** Task details **
Lines before the one containing "Architects Blueprint - PS Action 4113879 1" are left out; that line and every line after it, through the end of the records, are to be reproduced exactly.

** Provided material **

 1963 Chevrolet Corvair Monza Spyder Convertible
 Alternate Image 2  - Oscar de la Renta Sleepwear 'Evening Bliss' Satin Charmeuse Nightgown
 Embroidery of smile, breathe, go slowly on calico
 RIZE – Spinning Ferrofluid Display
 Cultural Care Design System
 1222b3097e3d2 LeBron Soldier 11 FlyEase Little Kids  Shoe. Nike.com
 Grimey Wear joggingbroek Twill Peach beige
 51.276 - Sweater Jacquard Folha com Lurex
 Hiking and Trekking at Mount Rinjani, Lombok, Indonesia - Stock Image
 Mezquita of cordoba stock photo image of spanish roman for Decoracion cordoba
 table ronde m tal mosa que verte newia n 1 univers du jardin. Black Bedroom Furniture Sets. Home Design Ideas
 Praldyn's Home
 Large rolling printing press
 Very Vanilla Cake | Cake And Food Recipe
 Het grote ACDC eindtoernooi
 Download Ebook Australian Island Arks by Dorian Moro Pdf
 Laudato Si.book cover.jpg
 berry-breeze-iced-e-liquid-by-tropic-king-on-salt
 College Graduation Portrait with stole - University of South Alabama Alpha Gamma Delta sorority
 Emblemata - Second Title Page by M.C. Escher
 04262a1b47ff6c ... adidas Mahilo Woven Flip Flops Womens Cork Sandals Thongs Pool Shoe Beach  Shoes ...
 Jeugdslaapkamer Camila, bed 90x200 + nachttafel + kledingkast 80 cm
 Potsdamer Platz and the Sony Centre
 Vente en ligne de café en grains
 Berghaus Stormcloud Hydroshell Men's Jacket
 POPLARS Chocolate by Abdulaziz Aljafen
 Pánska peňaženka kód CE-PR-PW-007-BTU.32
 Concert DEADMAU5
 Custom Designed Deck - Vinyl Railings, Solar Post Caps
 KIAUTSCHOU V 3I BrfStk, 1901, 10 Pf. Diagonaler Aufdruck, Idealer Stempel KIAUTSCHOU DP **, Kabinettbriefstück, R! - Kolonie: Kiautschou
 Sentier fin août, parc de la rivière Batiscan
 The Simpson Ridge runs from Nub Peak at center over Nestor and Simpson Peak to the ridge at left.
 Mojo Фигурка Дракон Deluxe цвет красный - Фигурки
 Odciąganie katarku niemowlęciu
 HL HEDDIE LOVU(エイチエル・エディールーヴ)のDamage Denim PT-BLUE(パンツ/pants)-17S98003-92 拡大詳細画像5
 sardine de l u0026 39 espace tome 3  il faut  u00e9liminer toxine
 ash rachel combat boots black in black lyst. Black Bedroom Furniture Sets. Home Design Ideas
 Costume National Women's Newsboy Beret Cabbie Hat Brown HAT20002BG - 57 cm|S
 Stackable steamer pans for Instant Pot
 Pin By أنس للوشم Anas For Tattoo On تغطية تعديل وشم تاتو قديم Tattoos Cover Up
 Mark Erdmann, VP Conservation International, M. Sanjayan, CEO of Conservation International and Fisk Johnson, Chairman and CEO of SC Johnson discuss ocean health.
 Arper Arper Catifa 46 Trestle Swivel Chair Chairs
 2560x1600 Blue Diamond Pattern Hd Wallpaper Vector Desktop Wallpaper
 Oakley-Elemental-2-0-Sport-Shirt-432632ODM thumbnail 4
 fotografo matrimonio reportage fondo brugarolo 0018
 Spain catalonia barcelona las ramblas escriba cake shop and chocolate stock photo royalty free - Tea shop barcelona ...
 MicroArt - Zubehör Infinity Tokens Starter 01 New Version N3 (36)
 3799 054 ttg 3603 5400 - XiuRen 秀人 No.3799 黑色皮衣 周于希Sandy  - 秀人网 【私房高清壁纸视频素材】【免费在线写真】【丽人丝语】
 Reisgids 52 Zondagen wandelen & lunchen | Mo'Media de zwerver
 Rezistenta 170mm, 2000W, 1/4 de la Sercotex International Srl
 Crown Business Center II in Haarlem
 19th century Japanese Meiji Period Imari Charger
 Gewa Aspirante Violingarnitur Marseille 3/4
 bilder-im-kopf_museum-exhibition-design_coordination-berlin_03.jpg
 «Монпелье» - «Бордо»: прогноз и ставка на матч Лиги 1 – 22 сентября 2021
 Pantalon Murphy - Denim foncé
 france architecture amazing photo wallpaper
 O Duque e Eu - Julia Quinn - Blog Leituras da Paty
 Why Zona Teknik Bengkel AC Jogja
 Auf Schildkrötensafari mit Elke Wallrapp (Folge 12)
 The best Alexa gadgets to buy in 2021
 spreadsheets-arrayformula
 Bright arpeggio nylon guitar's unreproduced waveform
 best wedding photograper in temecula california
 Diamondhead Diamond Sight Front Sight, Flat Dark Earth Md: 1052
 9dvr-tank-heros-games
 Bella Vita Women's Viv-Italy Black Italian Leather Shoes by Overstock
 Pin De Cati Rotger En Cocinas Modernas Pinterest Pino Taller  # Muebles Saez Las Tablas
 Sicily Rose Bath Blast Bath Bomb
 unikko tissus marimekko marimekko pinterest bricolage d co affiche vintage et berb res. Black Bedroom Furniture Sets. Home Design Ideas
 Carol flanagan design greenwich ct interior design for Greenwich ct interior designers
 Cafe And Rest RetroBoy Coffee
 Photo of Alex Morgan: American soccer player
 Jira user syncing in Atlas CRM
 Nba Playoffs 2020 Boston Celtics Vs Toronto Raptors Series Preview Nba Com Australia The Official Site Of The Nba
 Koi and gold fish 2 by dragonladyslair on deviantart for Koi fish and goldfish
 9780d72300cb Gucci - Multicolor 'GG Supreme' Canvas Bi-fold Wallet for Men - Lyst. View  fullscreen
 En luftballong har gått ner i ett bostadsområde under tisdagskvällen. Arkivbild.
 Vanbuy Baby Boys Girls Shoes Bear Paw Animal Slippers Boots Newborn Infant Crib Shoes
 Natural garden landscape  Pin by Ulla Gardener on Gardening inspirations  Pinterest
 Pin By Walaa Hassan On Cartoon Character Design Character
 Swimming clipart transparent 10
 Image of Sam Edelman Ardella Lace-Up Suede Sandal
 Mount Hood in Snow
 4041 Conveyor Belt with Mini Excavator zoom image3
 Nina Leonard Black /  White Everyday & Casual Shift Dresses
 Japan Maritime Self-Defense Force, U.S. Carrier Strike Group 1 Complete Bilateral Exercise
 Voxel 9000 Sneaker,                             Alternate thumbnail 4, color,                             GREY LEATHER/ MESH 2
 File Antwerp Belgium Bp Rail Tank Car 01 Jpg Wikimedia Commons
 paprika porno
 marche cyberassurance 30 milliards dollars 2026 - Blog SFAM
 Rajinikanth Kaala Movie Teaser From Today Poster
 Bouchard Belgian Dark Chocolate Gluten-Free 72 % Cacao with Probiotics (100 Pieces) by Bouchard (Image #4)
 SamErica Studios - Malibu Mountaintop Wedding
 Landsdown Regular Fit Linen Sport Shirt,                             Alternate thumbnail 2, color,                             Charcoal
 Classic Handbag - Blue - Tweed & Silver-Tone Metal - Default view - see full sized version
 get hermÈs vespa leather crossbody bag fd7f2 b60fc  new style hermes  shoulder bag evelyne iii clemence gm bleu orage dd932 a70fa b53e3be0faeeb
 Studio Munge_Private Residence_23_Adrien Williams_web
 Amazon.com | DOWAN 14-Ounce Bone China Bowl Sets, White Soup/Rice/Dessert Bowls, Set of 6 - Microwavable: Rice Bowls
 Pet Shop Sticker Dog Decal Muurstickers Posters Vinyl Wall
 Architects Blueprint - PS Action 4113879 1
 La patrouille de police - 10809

** Task response **
 Architects Blueprint - PS Action 4113879 1
 La patrouille de police - 10809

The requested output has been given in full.